## Provided information
↓↓↓
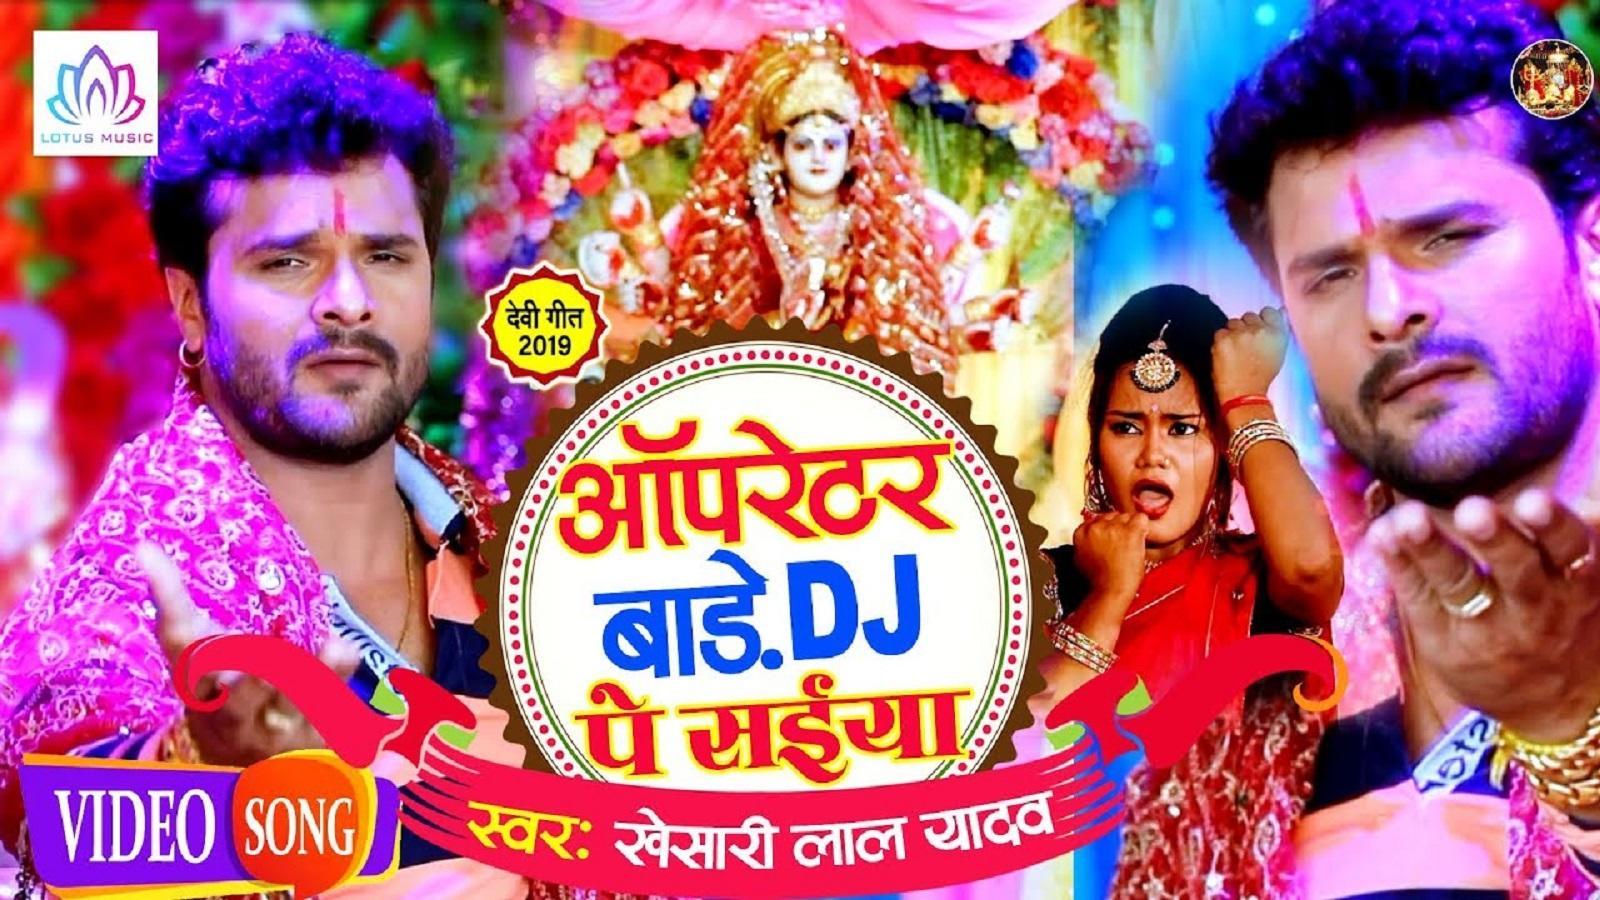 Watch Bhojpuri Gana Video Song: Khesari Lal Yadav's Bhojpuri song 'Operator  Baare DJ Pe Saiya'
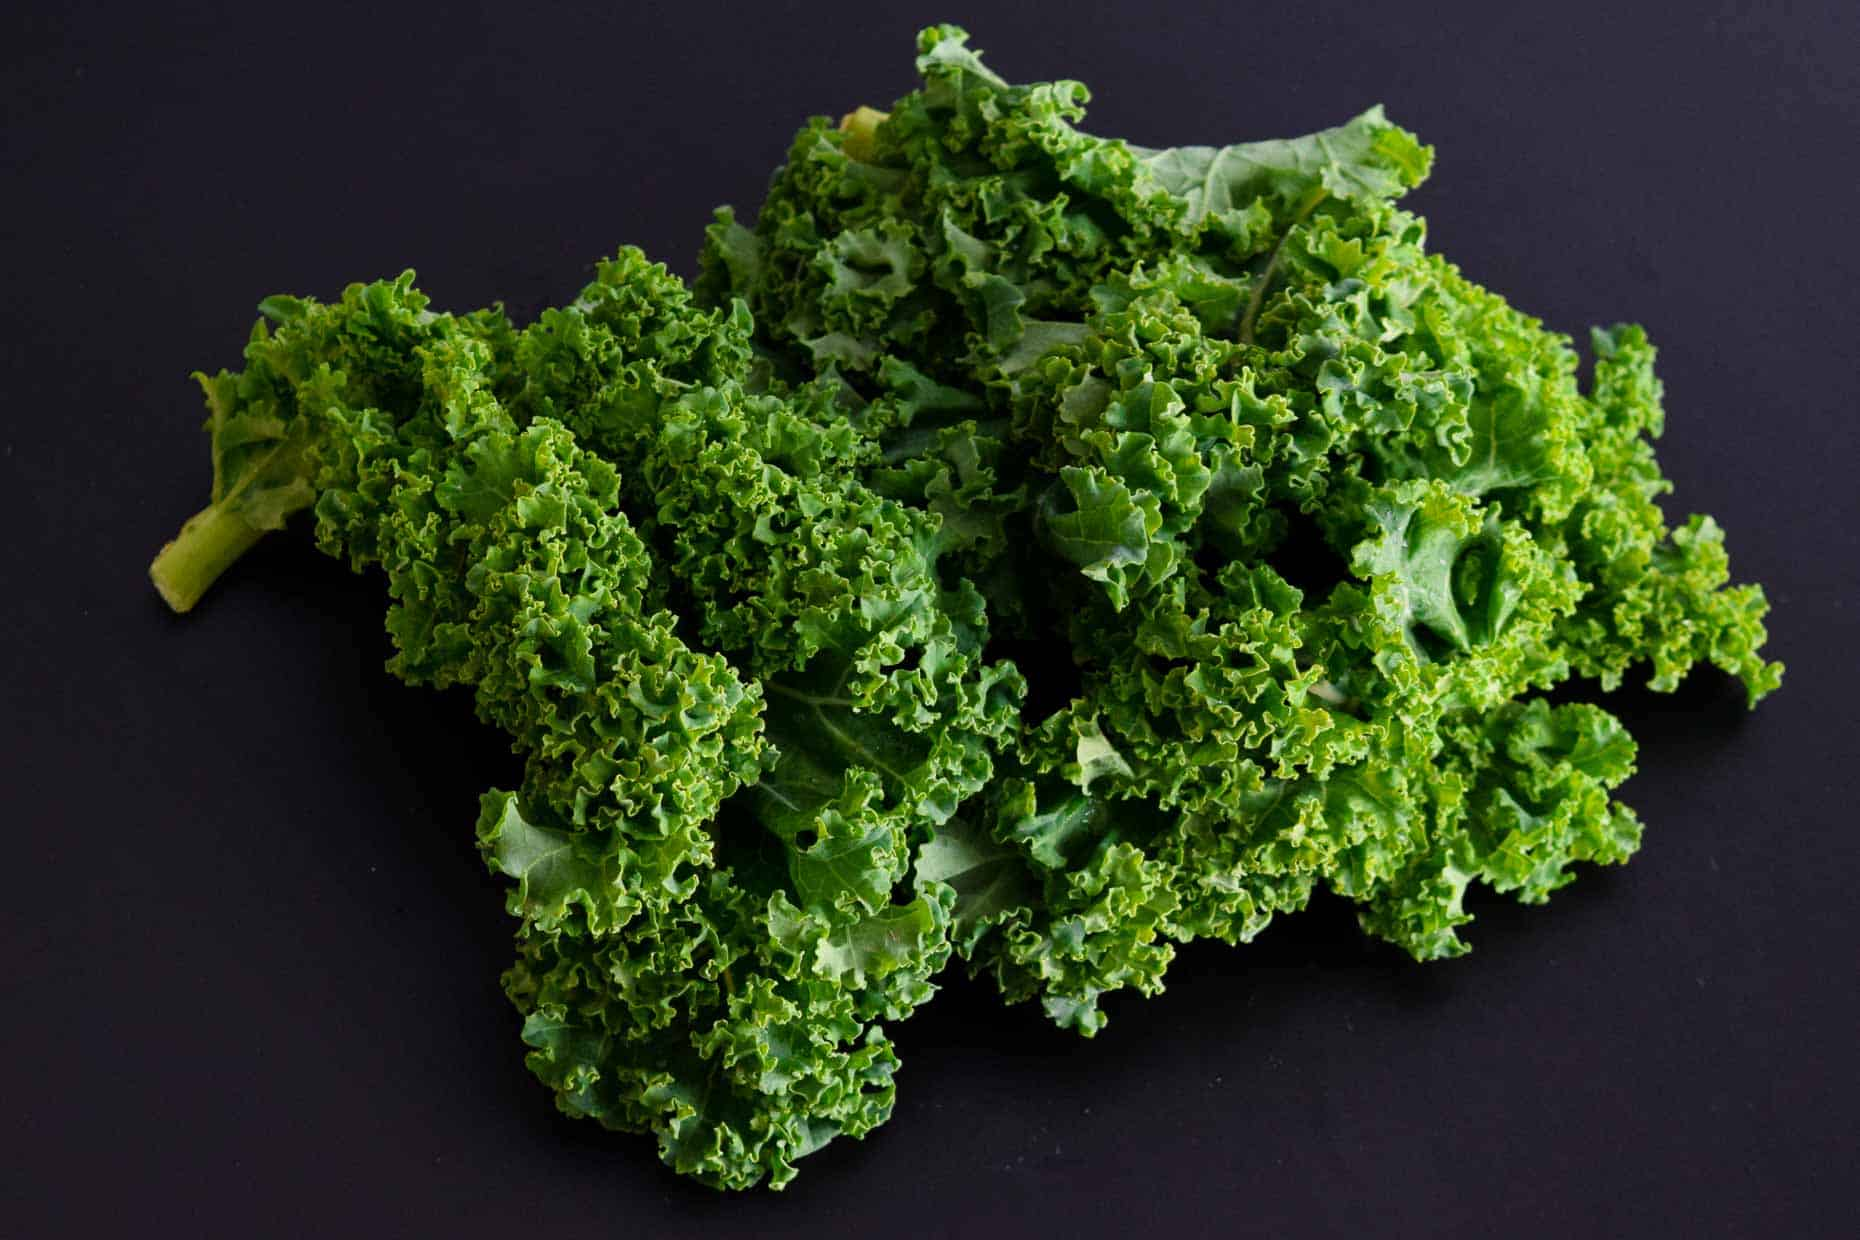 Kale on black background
↑↑↑
↓↓↓
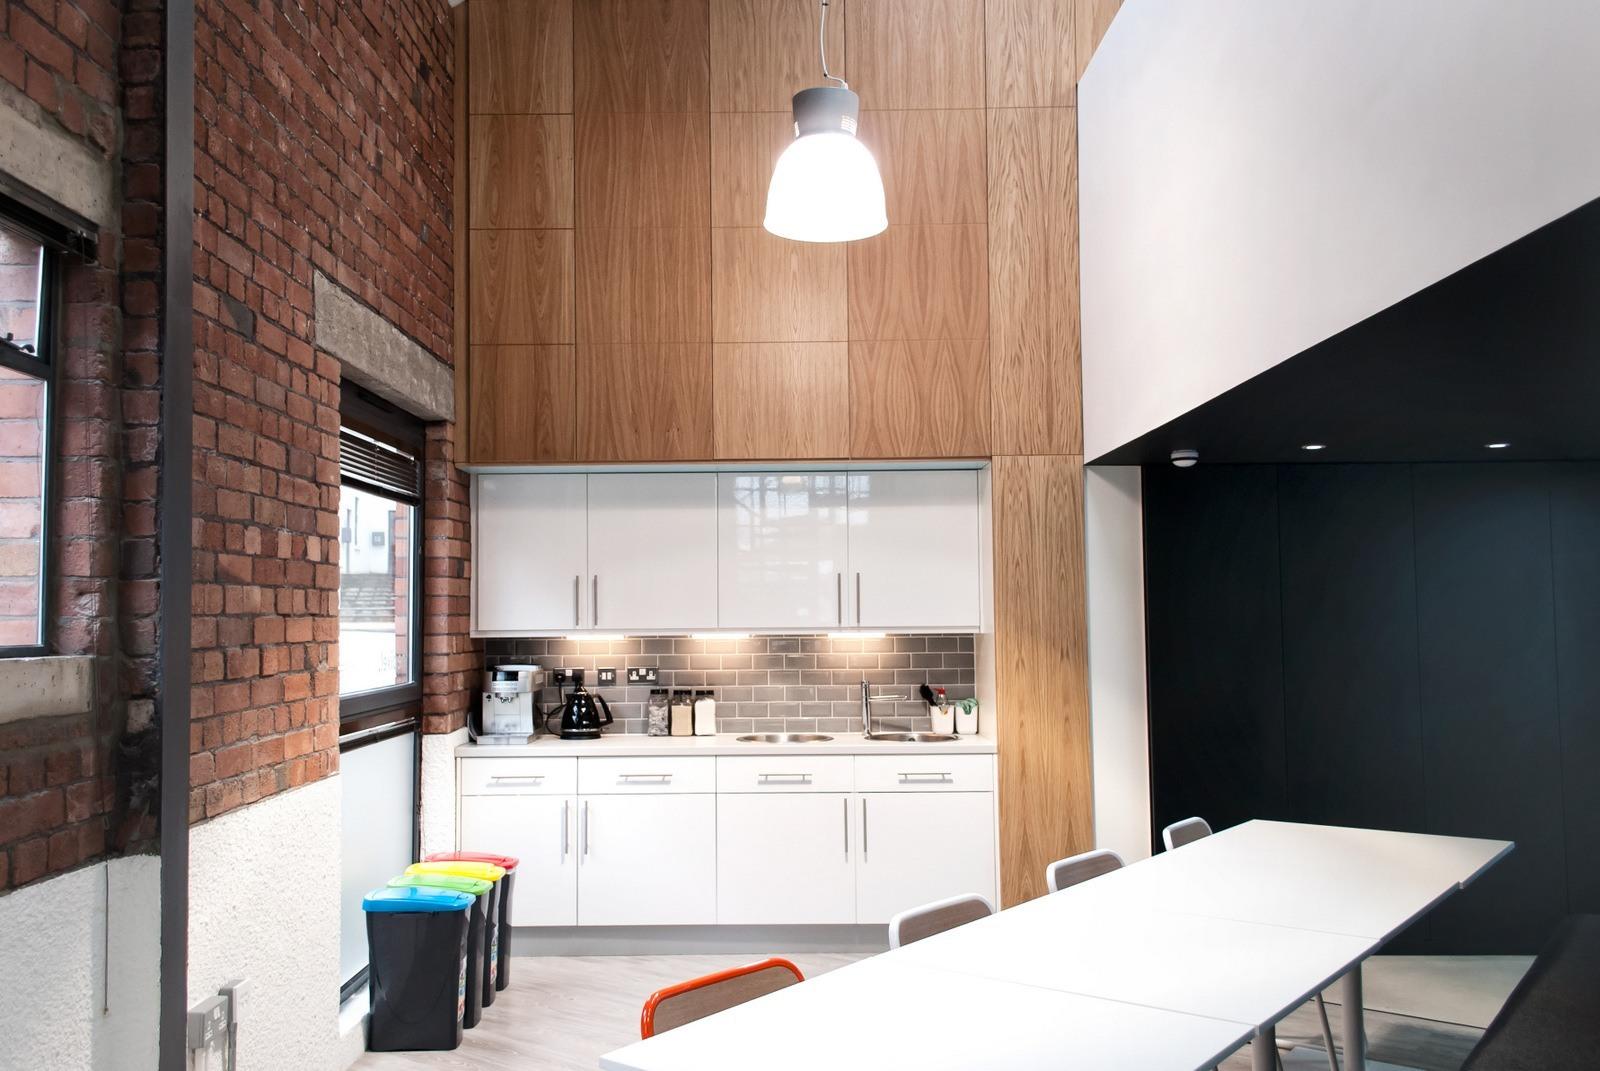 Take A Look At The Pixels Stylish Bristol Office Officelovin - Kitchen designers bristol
↑↑↑
In the records above, find the line with "Watch Bhojpuri Gana" and the line with "Kale on black background", then restate word for word only those two lines and all lines between, omitting pictures.

## Exercise result
 Watch Bhojpuri Gana Video Song: Khesari Lal Yadav's Bhojpuri song 'Operator  Baare DJ Pe Saiya'
 Kale on black background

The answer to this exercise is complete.